* PROBLEM TO SOLVE: What you return should be the lines from the one with "Garnier Whole Blends" through the one with "Delicious asparagus and" in the data below, reproduced exactly with both ends, and no pictures at all.

* INPUT FOR THIS TASK:

<<<<

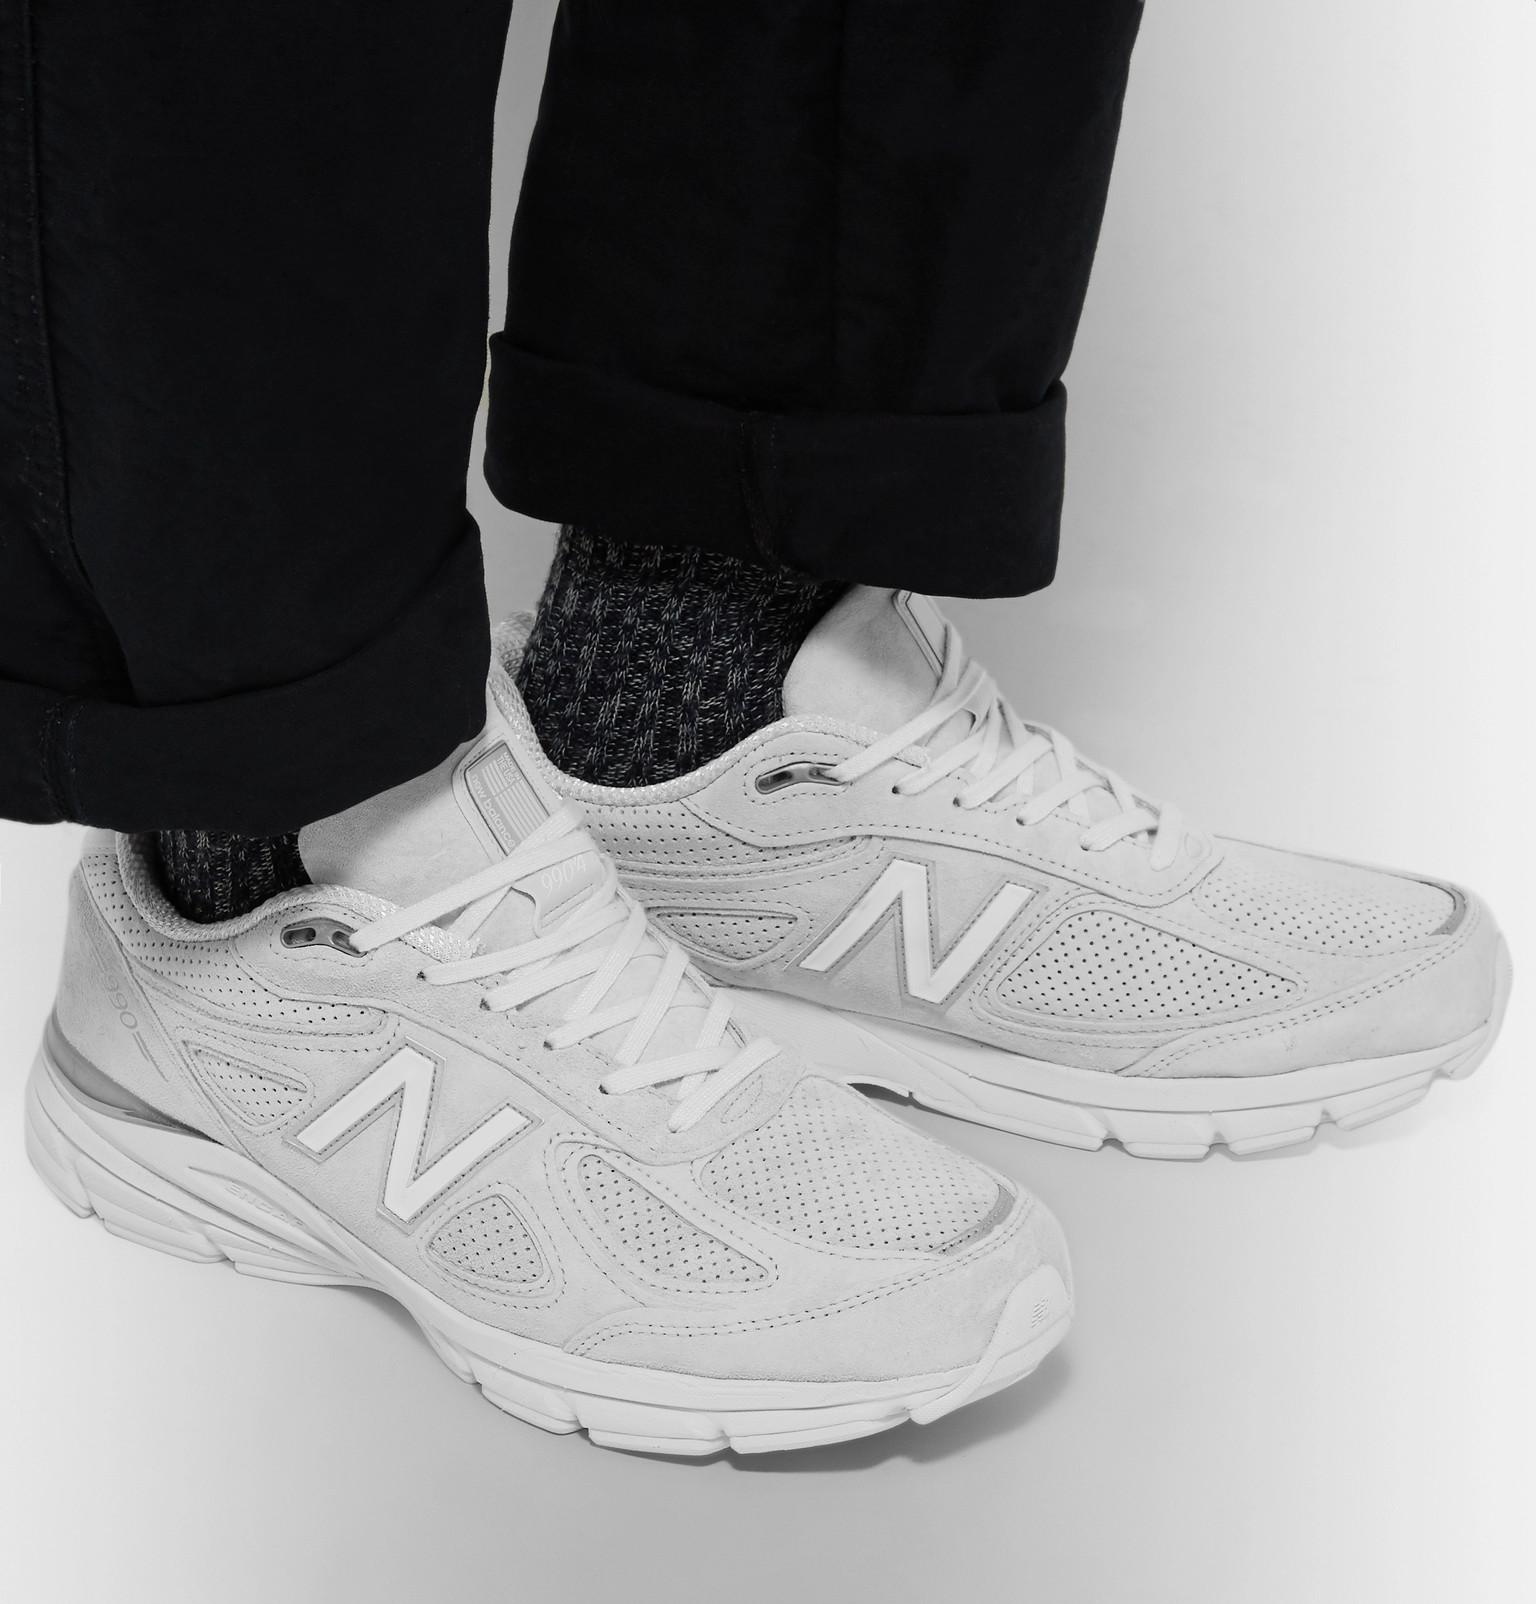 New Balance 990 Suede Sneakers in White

>>>>
<<<<

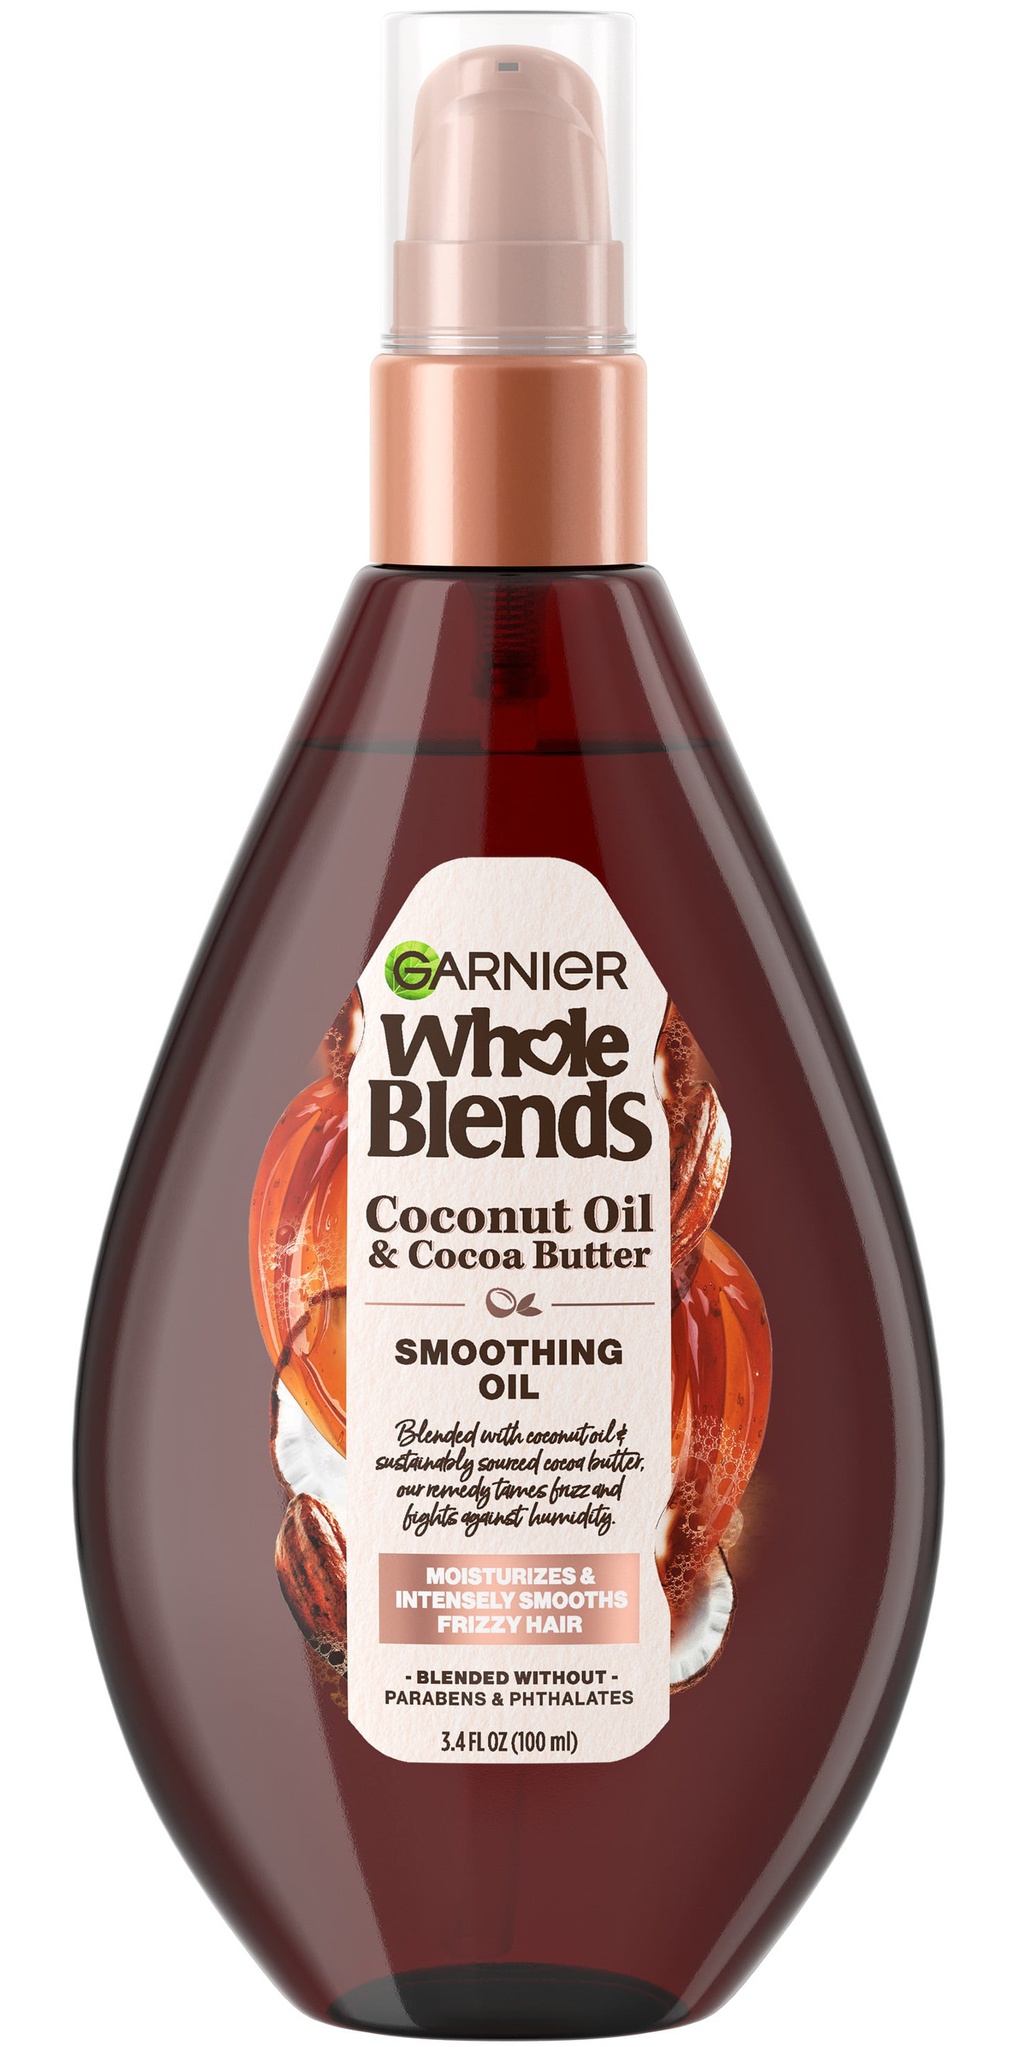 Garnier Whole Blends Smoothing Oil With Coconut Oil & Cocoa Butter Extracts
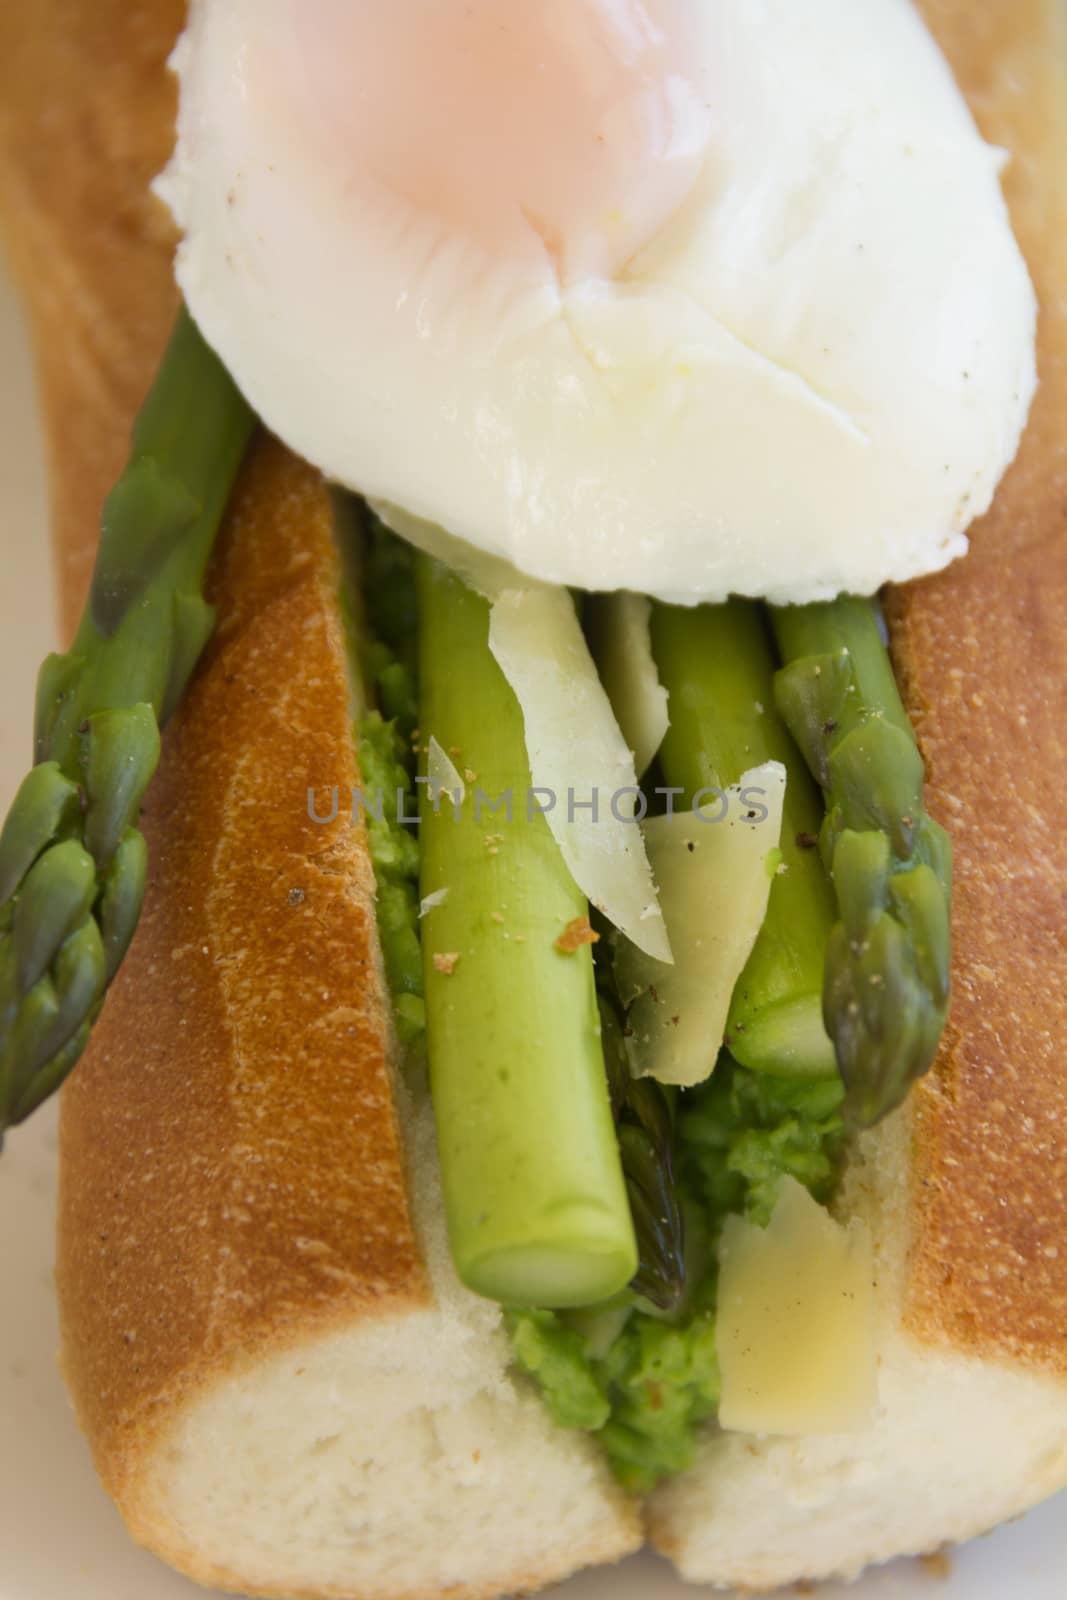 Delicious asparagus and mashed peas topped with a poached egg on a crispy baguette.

>>>>
<<<<

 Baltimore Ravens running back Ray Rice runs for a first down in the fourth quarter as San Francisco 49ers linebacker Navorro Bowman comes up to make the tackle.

>>>>

* TASK RESULT:
 Garnier Whole Blends Smoothing Oil With Coconut Oil & Cocoa Butter Extracts
 Delicious asparagus and mashed peas topped with a poached egg on a crispy baguette.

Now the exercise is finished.